Just a thought, extractors needs to be wrapped in a linkExtractors
tag. In other words, do you have it this way?
<linkExtractors>
<extractor ignoreExternalLinks="true" />
</linkExtractors>
The first page from facebook, that is really:
DOCUMENT_FETCHED: https://www.facebook.com/fexbfederacionextremenabaloncesto
appears after 4% completed (38 processed/796 total)
message plus 4 DOCUMENT_FETCHED
events more
Here is the config file:
<?xml version="1.0" encoding="UTF-8"?>
<httpcollector id="MC (collector)">
#set($filterRegexRef = "com.norconex.collector.core.filter.impl.RegexReferenceFilter")
#set($workdir = "D:/CRAWLER-MC/collectors/MC/work/")
<progressDir>$workdir/progress</progressDir>
<logsDir>$workdir/log</logsDir>
<crawlerDefaults>
<delay default="100" />
<numThreads>3</numThreads>
<maxDepth>-1</maxDepth>
<maxDocuments>-1</maxDocuments>
<keepDownloads>false</keepDownloads>
<orphansStrategy>IGNORE</orphansStrategy>
<urlNormalizer class="com.norconex.collector.http.url.impl.GenericURLNormalizer">
<normalizations>removeDotSegments</normalizations>
</urlNormalizer>
<canonicalLinkDetector ignore="true"> </canonicalLinkDetector>
</crawlerDefaults>
<crawlers>
<crawler id="MC (crawler)">
<robotsTxt ignore="true" />
<sitemap ignore="true" />
<httpClientFactory>
<trustAllSSLCertificates>true</trustAllSSLCertificates>
</httpClientFactory>
<workDir>$workdir</workDir>
<linkExtractors>
<extractor ignoreExternalLinks="true" />
</linkExtractors>
<startURLs>
<url>http://www.fexb.es/</url>
</startURLs>
<importer>
<!-- max memory used for a single file. 10MB by default -->
<maxFileCacheSize>10000000</maxFileCacheSize>
<!-- max memory for the sum of all files. 100MB by default -->
<maxFilePoolCacheSize>100000000</maxFilePoolCacheSize>
</importer>
<committer class="com.norconex.committer.solr.SolrCommitter">
<solrURL>http://localhost:8983/solr/MC</solrURL>
<sourceReferenceField keep="false">document.reference</sourceReferenceField>
<targetReferenceField>id</targetReferenceField>
<targetContentField>content</targetContentField>
<commitBatchSize>10</commitBatchSize>
<queueDir>$workdir/queue</queueDir>
<queueSize>100</queueSize>
<maxRetries>2</maxRetries>
<maxRetryWait>5000</maxRetryWait>
<commitDisabled>true</commitDisabled>
<solrUpdateURLParams>
<param name="update.chain">langid</param>
</solrUpdateURLParams>
</committer>
</crawler>
</crawlers>
</httpcollector>
I was able to reproduce the problem with your confirm, and I have nailed down the culprit: http://www.fexb.es/index.php/component/banners/click/15
That URL produces a redirect to this Facebook page: https://www.facebook.com/fexbfederacionextremenabaloncesto
Because external URLs are excluded after they were extracted from a page, but before they are being fetched.

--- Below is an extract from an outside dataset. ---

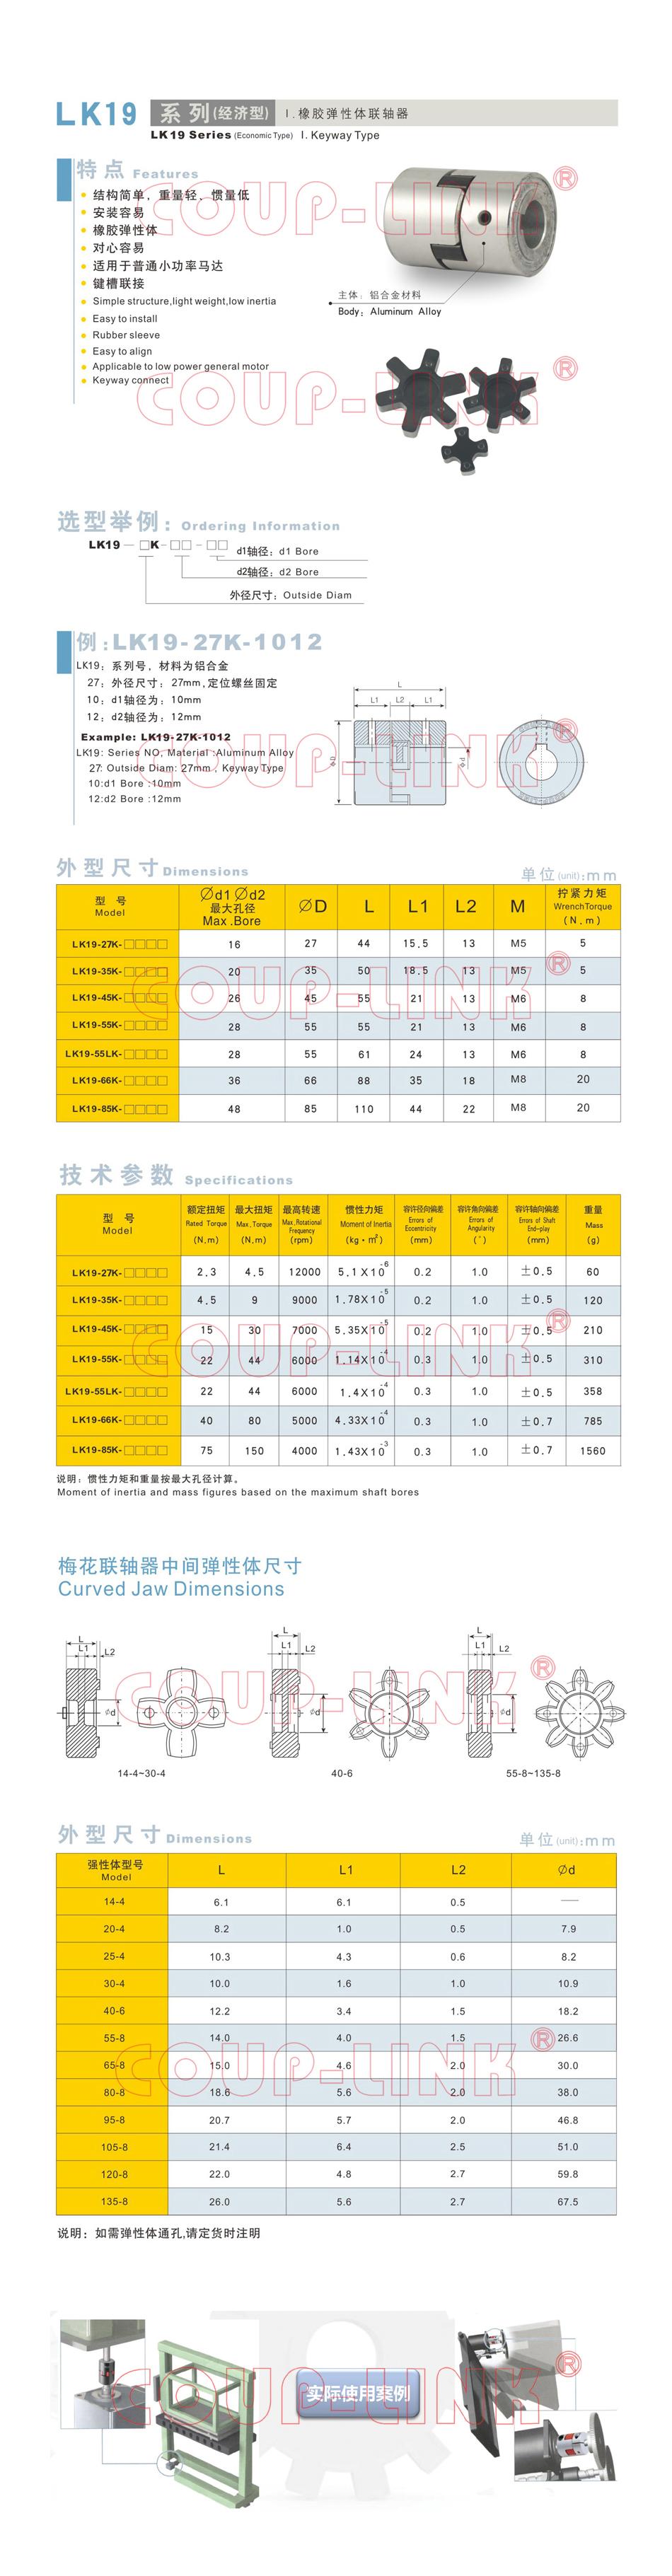 LK19系列(經濟型) 橡膠彈性體老子有钱app_老子有钱app種類-廣州老子有钱自動化設備有限公司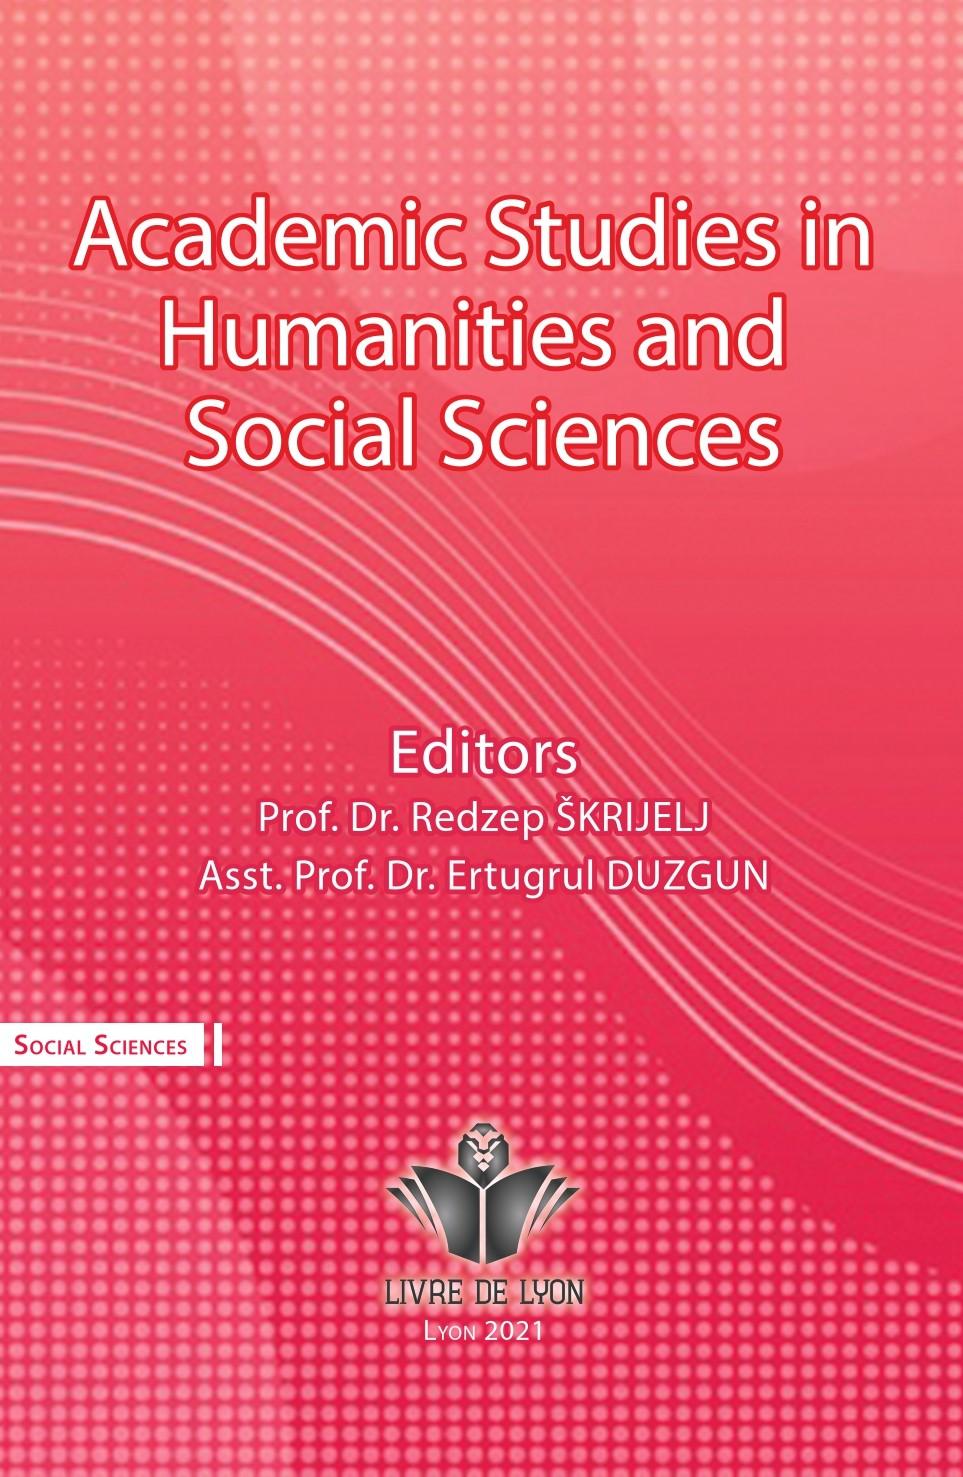 Academic Studies in Humanities and Social Sciences

It is not excluded because it is valid at that time. It is only once it is fetched that the redirect takes place and the URL changes to a Facebook one.
We need to revisit how this feature is implemented. Since the "intent" of the feature is not respected, I will mark as a bug.
It may take some time to find a clean solution so in the meantime, I recommend you add a RegexMetadataFilter on the field document.reference
to stick to your domain (this filter is triggered after a document is downloaded). It is best that you do it as a preParseHandlers
.
Thank you for your support.
I've tried your advice but, although the filtered URLs are not commited, they are almost fully processed, spending a lot of time.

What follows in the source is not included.